Сегодня известный в России художник-реставратор, заслуженный деятель искусств Российской Федерации, говоря о культуре и воспитании, снова вспоминает деда. «Дом — это аккумулятор, в котором формируются традиции и опыт конкретной культуры. Современные родители, увы, не могут состязаться в воспитании детей с улицей, телевизором или дискотекой. Да и понятия «дом» больше не существует: есть квартирки, куда мы приходим ненадолго, чтобы переночевать. Мне, к счастью, повезло. И если во мне есть хоть что-то приличное, то это от деда. Он научил многому, определил мой вкус (религиозный инстинкт), который позволяет мне отличать настоящее от фальши. Многое идет из детства, которое я помню хорошо: окружающая природа (наш деревенский дом стоял в живописнейшем месте), Евангельские чтения, псалтырь, стихи, строки книг. Еще мне везло на людей. Во время войны люди так настрадались, что старались как можно скорее и щедрее отдавать свои знания, опыт, все то, что имеют. Сегодня человек разучился этому. Бабушка сдавала комнаты квартирантам, да и просто всегда в нашем доме было много людей, в том числе художников».

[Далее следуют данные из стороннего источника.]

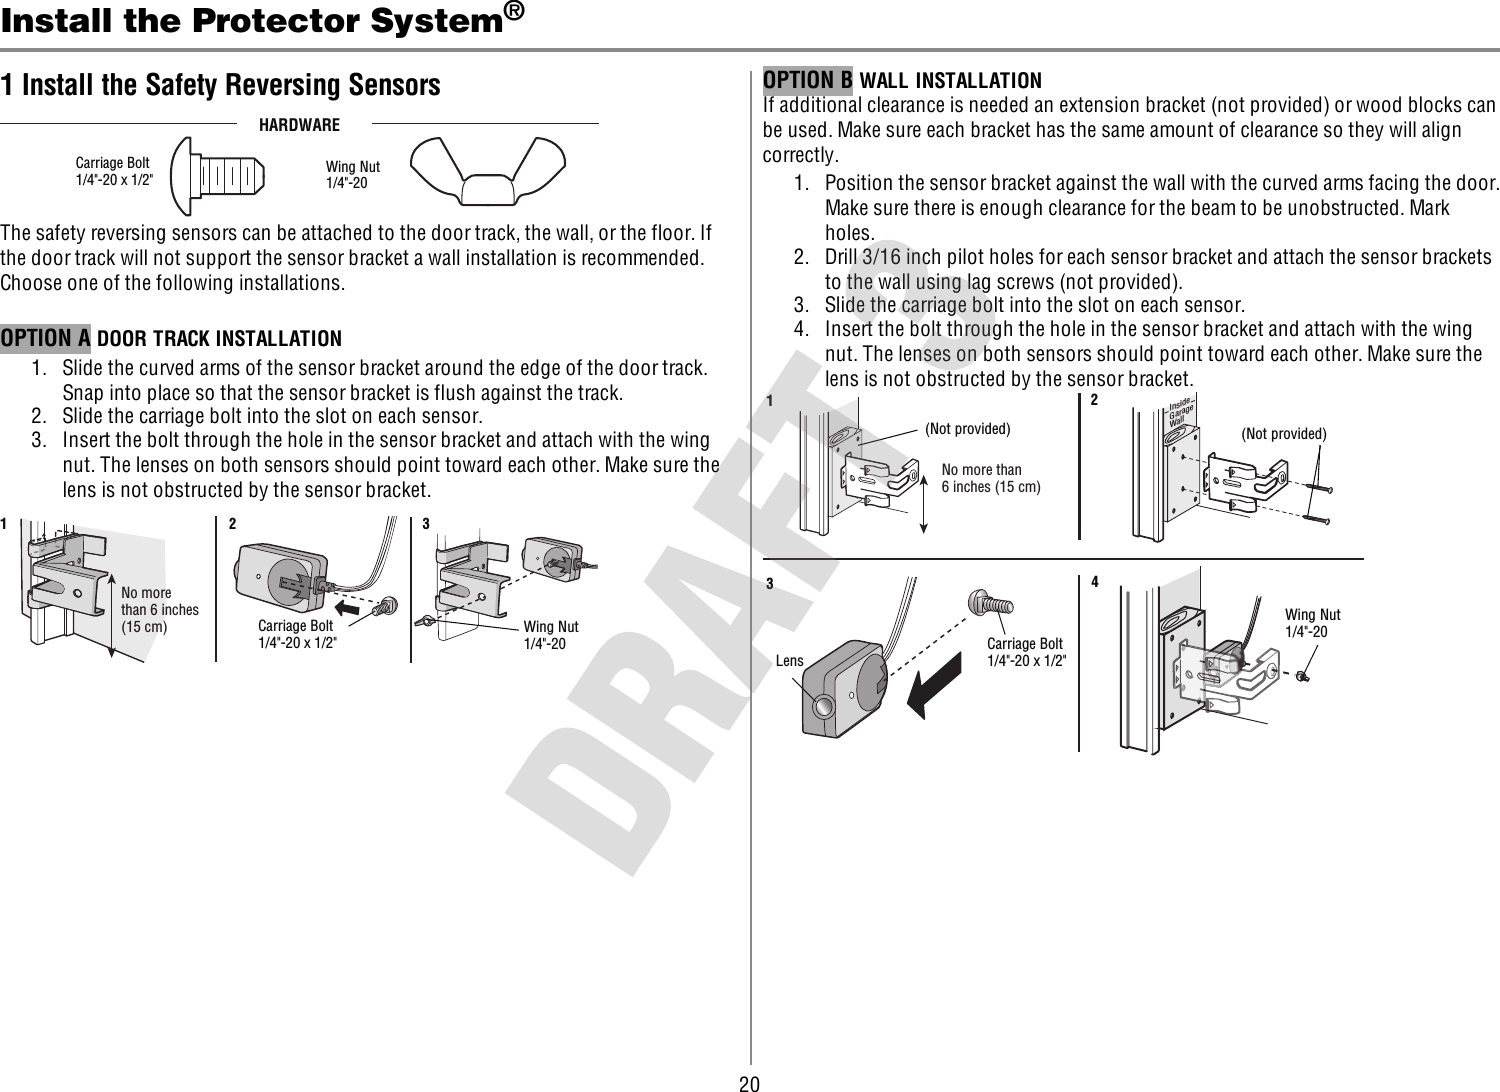 20Install the Protector System®1 Install the Safety Reversing SensorsHARDWARECarriage Bolt1/4&quot;-20 x 1/2&quot;  Wing Nut1/4&quot;-20 The safety reversing sensors can be attached to the door track, the wall, or the floor. Ifthe door track will not support the sensor bracket a wall installation is recommended.Choose one of the following installations.OPTION A DOOR TRACK INSTALLATION1. Slide the curved arms of the sensor bracket around the edge of the door track.Snap into place so that the sensor bracket is flush against the track.2. Slide the carriage bolt into the slot on each sensor.3. Insert the bolt through the hole in the sensor bracket and attach with the wingnut. The lenses on both sensors should point toward each other. Make sure thelens is not obstructed by the sensor bracket.No morethan 6 inches(15 cm) Carriage Bolt1/4&quot;-20 x 1/2&quot; Wing Nut1/4&quot;-20 123OPTION B WALLINSTALLATIONIf additional clearance is needed an extension bracket (not provided) or wood blocks canbe used. Make sure each bracket has the same amount of clearance so they will aligncorrectly.1. Position the sensor bracket against the wall with the curved arms facing the door.Make sure there is enough clearance for the beam to be unobstructed. Markholes.2. Drill 3/16 inch pilot holes for each sensor bracket and attach the sensor bracketsto the wall using lag screws (not provided).3. Slide the carriage bolt into the slot on each sensor.4. Insert the bolt through the hole in the sensor bracket and attach with the wingnut. The lenses on both sensors should point toward each other. Make sure thelens is not obstructed by the sensor bracket.(Not provided)No more than 6 inches (15 cm)12InsideGarageWall(Not provided)LensCarriage Bolt1/4&quot;-20 x 1/2&quot; Wing Nut1/4&quot;-20 34

Наверное, эти встречи отчасти и определили судьбу Овчинникова. В Москве уже в 1949 году он поступил в художественно-ремесленное училище и окончил отделение монументально-декоративной живописи. «Во время войны мы приехали от бомбежек в Москву, — вспоминает Овчинников. — Однажды к нам пришла старушка-соседка, которая принесла пейзажик и попросила его почистить. Я почитал книжки, рискнул — и под темным, будто поджаренным слоем лака открыл настоящего Алексея Саврасова. Тогда реставрация стала для меня “владычным словом”. Когда же я пришел в 1952 году в Исторический музей и увидел живые иконы, у меня будто с глаз пелена спала. Стало понятно, что там и живопись, и жизнь, и вообще всё!».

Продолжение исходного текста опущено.